Embankments have always been a double-edged sword. They jacket the river with the engineering assumption that a reduced cross-section of the river will indeed increase its velocity and the power to dredge its base. Neither has happened in the case of the Kosi as its massive cross section, varying in length from nine to 16 km at different locations along its length, has become a silt-dumping ground. Nothing could have been more shocking for the members of the mission than to observe from atop the embankment that the river-bed was several feet higher than the adjoining land. The high lands and low lands have been separated by the ubiquitous embankment, turning the low lying area permanently water-logged as the natural drainage from the area gets choked.

Now that the river has taken its course and that there is no way it could be brought back to its so-called original course over next eight to nine months, the best option for the state would be to initiate work on the root cause of the problem, i.e., of dismantling embankments. As the affected majority is moving to safer places and the river has already bypassed the existing embankments, there doesn’t seem any rationale in investing further on these structures that have failed several times over the past five decades.

Also, though considered unlawful, trapped communities have time and again engaged in creating artificial breaches for draining accumulated water from their surroundings.
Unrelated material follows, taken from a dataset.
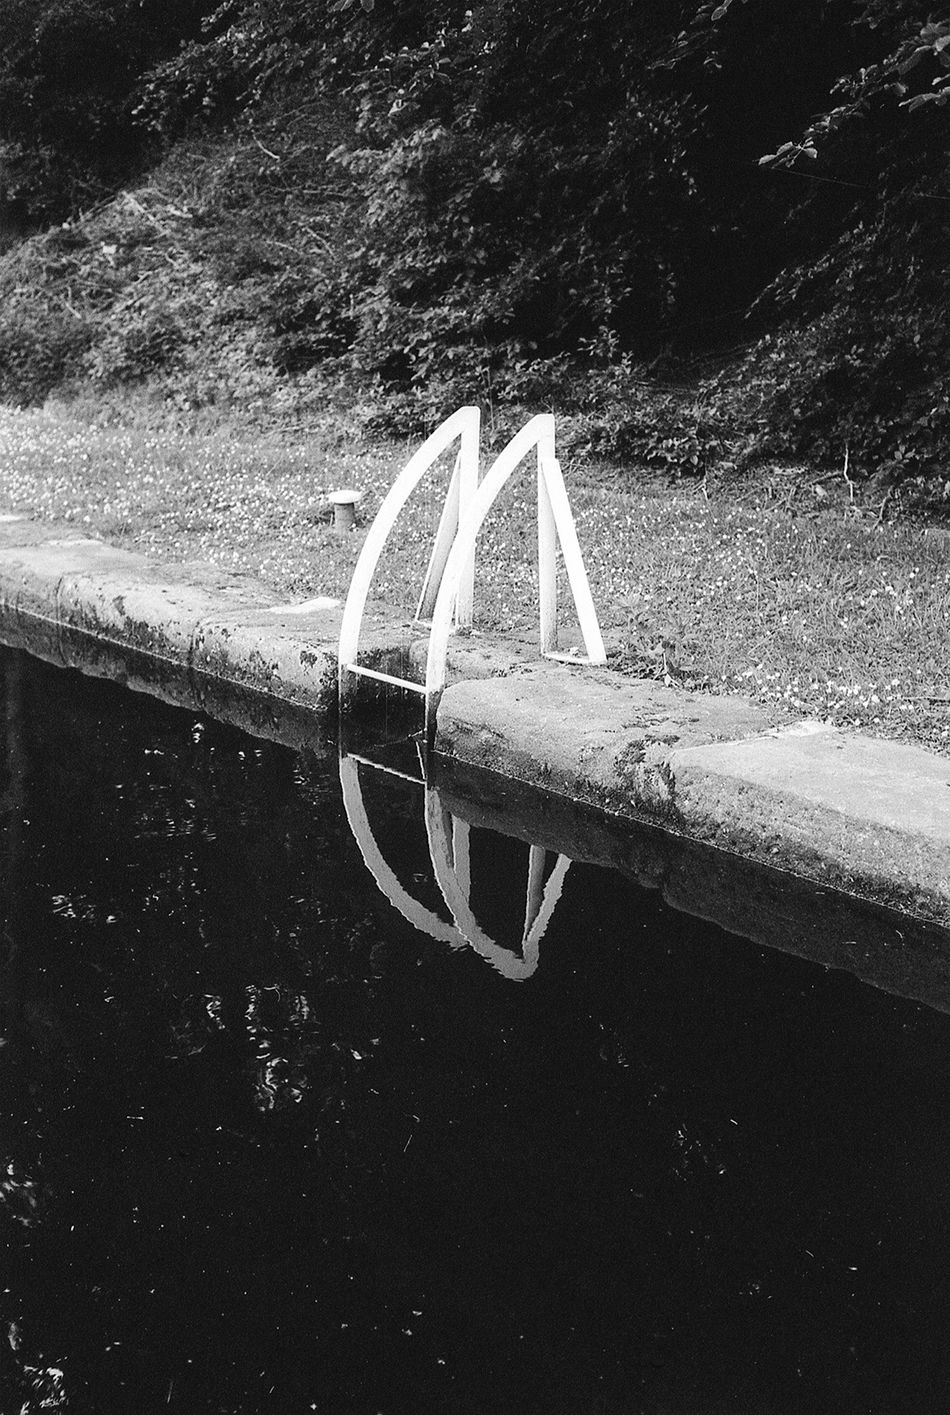 Monochrome Blackandwhite Analogue Photography Film Photography Fomapan100 Reflection Water Reflections Water No People Fine Art Photography Monochrome Photography

The general perception favours removal of embankments provided the act of demolishing does not create undesired conditions.

Like the Dutch hydrocracy that has started working on the ‘room for the river’ concept following failure to tame rivers Rhine and Meuse. The Delhi and Patna think tanks can emulate spatial flood protection measures as an alternative to jacketing of the river. (Spatial protection means creating space for the river to spread thereby reducing the impact of floods.)

The new approach not only warrants informed public debate but is based on broad political support. It is measures like these that need to be discussed and negotiated with communities in north Bihar, but not before the political stables in Patna (and in Delhi) get cleansed of their misconceptions!

Given its distinct geo-morphological (‘geo-morphology’ means the natural shape and structure of land) features and complicated hydrological characters, the Kosi is one of the Himalayan rivers that has yet to be understood in its entirety. It is high time policy makers gave up their outdated ‘conquest over nature’ paradigm and acknowledge ‘we shall have to learn to live with floods’.